PROJECT TITLE :

Digital VLSI architectures for beam-enhanced RF aperture arrays

ABSTRACT:

Beam-enhanced digital aperture arrays use 2-D infinite-impulse-response (IIR) filters as a preprocessing stage for phased/timed-array beamformers to get lower facet-lobe levels without compromising the array size or the main-lobe selectivity. A digital terribly-large-scale integration architecture is proposed for beam-enhanced linear aperture arrays. The proposed design consists of four subsystems: two-D IIR prefiltering, beam steering via fast computation of filter coefficients, compensation for nonlinear part, and phased/timed-array beamforming. Systolic-array architectures are used for first- and second-order a pair of-D IIR prefiltering subsystems, including fast computation of filter coefficients.
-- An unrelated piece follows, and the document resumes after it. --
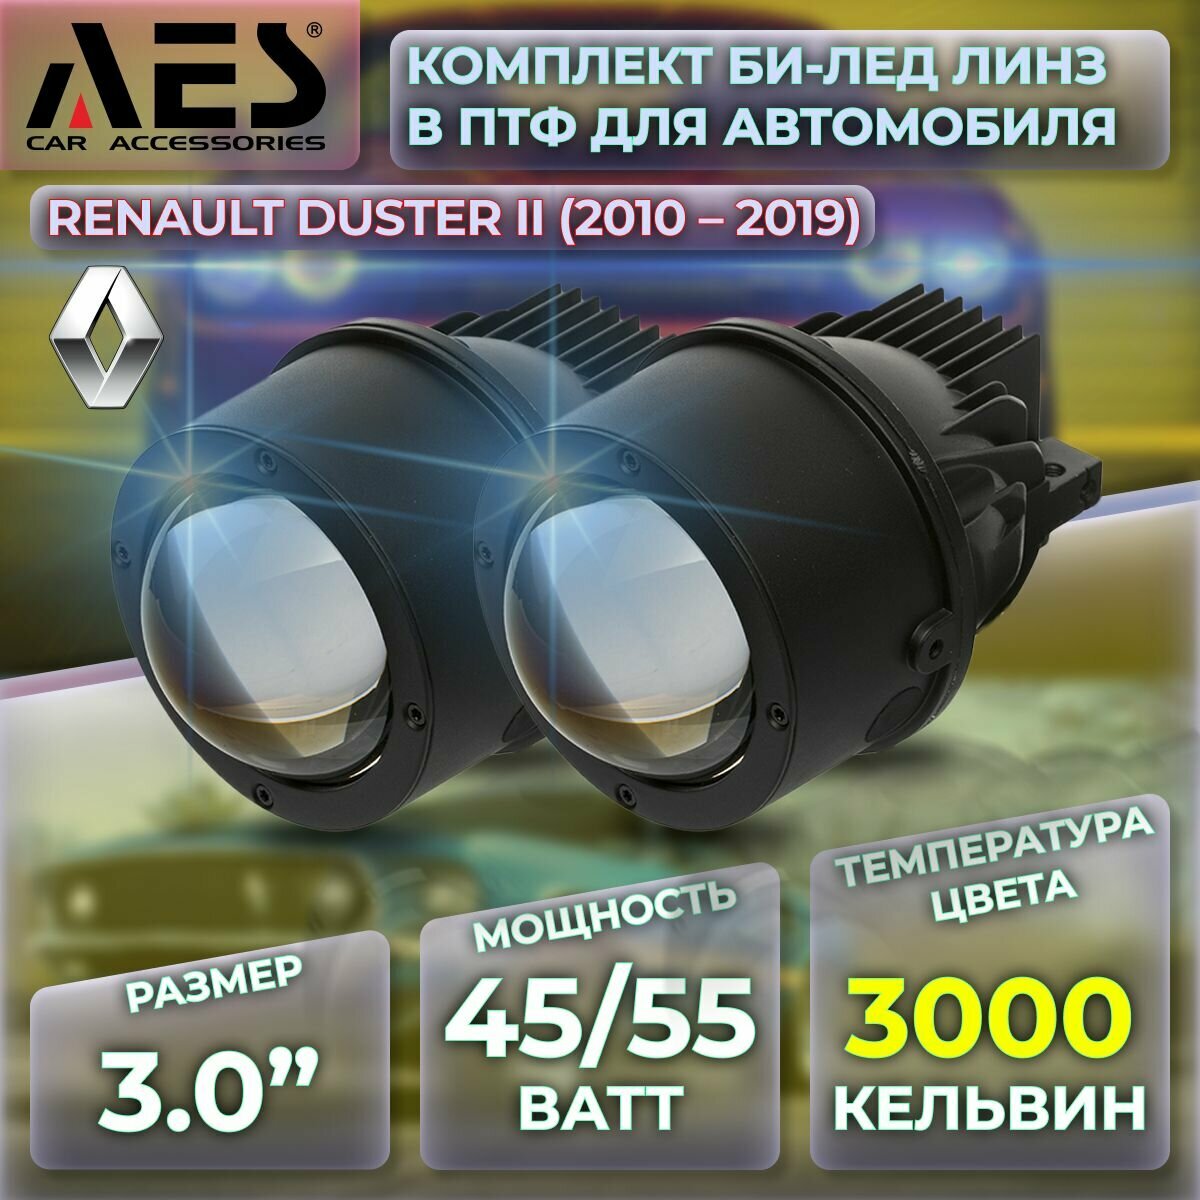 Комплект Би-лед линз в ПТФ для Renault Duster II (2010-2019) Q8 Foglight Bi-LED Laser 3000K (2 модуля 2 кронштейна)

The trade-off thanks to the nonlinear phase response of the two-D IIR prefilter is partially compensated via quick Fourier remodel-based mostly complicated part rotations. Styles are implemented on a Xilinx Virtex-six XC6VLX240T field-programmable gate-array device and verified using on-chip hardware cosimulation. Field-programmable gate-array designs for each a pair of-D IIR prefiltering and filter coefficient computation are mapped to standard-cell application-specific integrated circuits in forty five nm complementary metal-oxide semiconductor technology up to the synthesis level with provide VDC = 1.one V. For a simulation having 64 antennas with binary section-shift keying modulation, the beam-enhanced aperture array provides higher than ten dB improvement in bit error rate versus signal-to-interference ratio performance compared to phased/timed-array beamforming.